Apache Iceberg: Openness and engine agnostic scalability

Originating at Netflix and now a top-level Apache project, Iceberg prioritizes engine-agnostic interoperability. Its hierarchical metadata structure—from table metadata to manifest lists, then to manifest files—allows it to scale efficiently to billions of files while maintaining rapid query planning. Key features include hidden partitioning and partition evolution, broad engine support across Spark, Flink, Trino, Dremio, and a strong commitment to openness via its REST catalog API. Iceberg’s rich schema evolution, encompassing column renames and type promotions, has made it a de facto standard for enterprises seeking a future-proof lakehouse built on open standards.

Delta Lake: Spark-native transactions and optimizations

Initially developed by Databricks, Delta Lake popularized the concept of a transactional log for data lakes. It maintains an append-only transaction log (`_delta_log`) comprising JSON entries and Parquet checkpoints to meticulously track file states. Its core strengths include ACID transactions deeply integrated with Apache Spark, providing reliable time travel and schema evolution. Delta Lake also offers crucial optimizations such as Z-Ordering for data clustering, enhancing query performance. While strongly integrated within the Databricks ecosystem, its community adoption is steadily growing beyond Spark-centric workflows, making it a powerful choice for teams leveraging Spark for their data processing.

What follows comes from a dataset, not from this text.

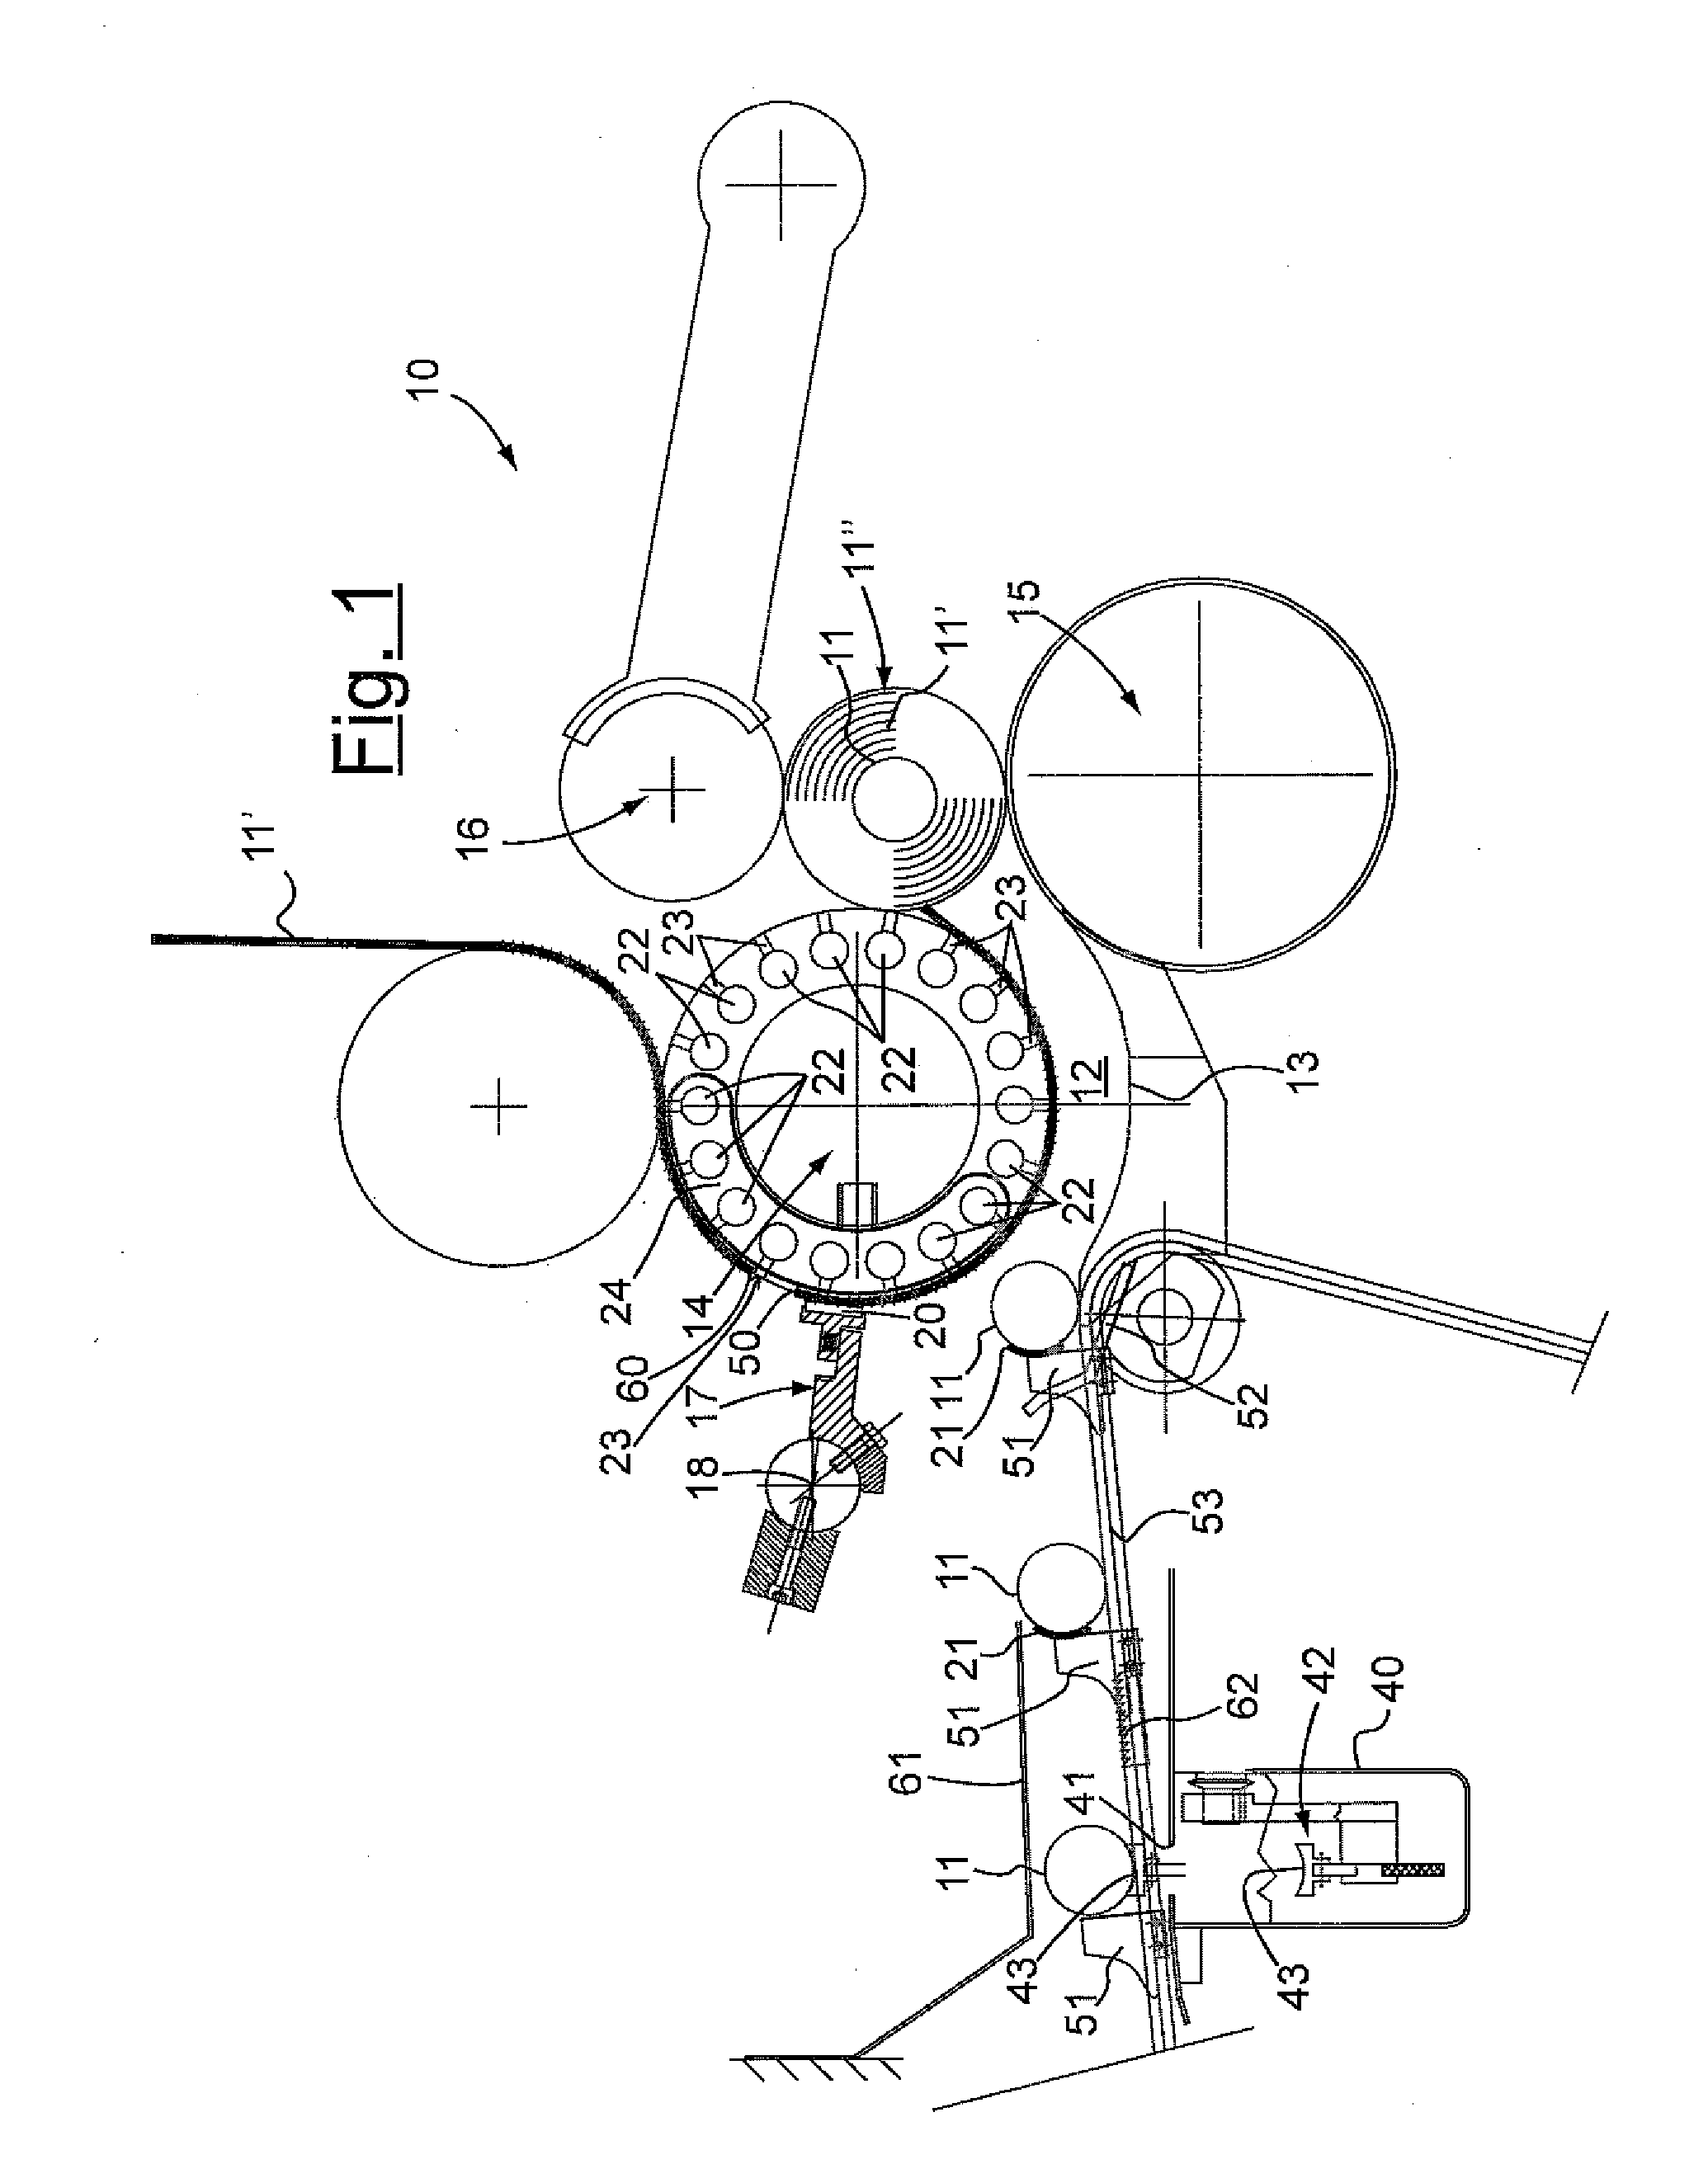 Winding group and method for winding paper around a core to make a log

Apache Hudi: Real-time updates and incremental processing

Apache Hudi, conceived at Uber, was an early pioneer in bringing database-like capabilities to data lakes, excelling in incremental processing and change data capture (CDC). It offers two storage modes: Copy-on-Write (CoW) for workloads optimized for reads, and Merge-on-Read (MoR) for write-heavy, near-real-time use cases. Hudi provides native upsert and delete operations, along with built-in indexing for efficient record-level management. With tight integrations across Spark, Flink, and Hive, Hudi is particularly well-suited for pipelines that demand frequent updates and streaming ingestion, enabling robust, real-time data platforms.

Apache Paimon: Streaming-first design for unified processing

A more recent entrant, Apache Paimon (formerly Flink Table Store) is architected around a streaming-first lakehouse design. It employs an LSM-tree (Log-Structured Merge-tree) style file organization to seamlessly unify both batch and stream processing. Its key features include native CDC and incremental queries, alongside deep integration with Apache Flink. Paimon boasts snapshot isolation with continuous compaction, ensuring data consistency and efficiency for high-frequency updates. Its growing ecosystem extends support to Spark, Hive, and other engines, making Paimon a compelling solution for event-driven architectures where real-time data ingestion and analytics converge.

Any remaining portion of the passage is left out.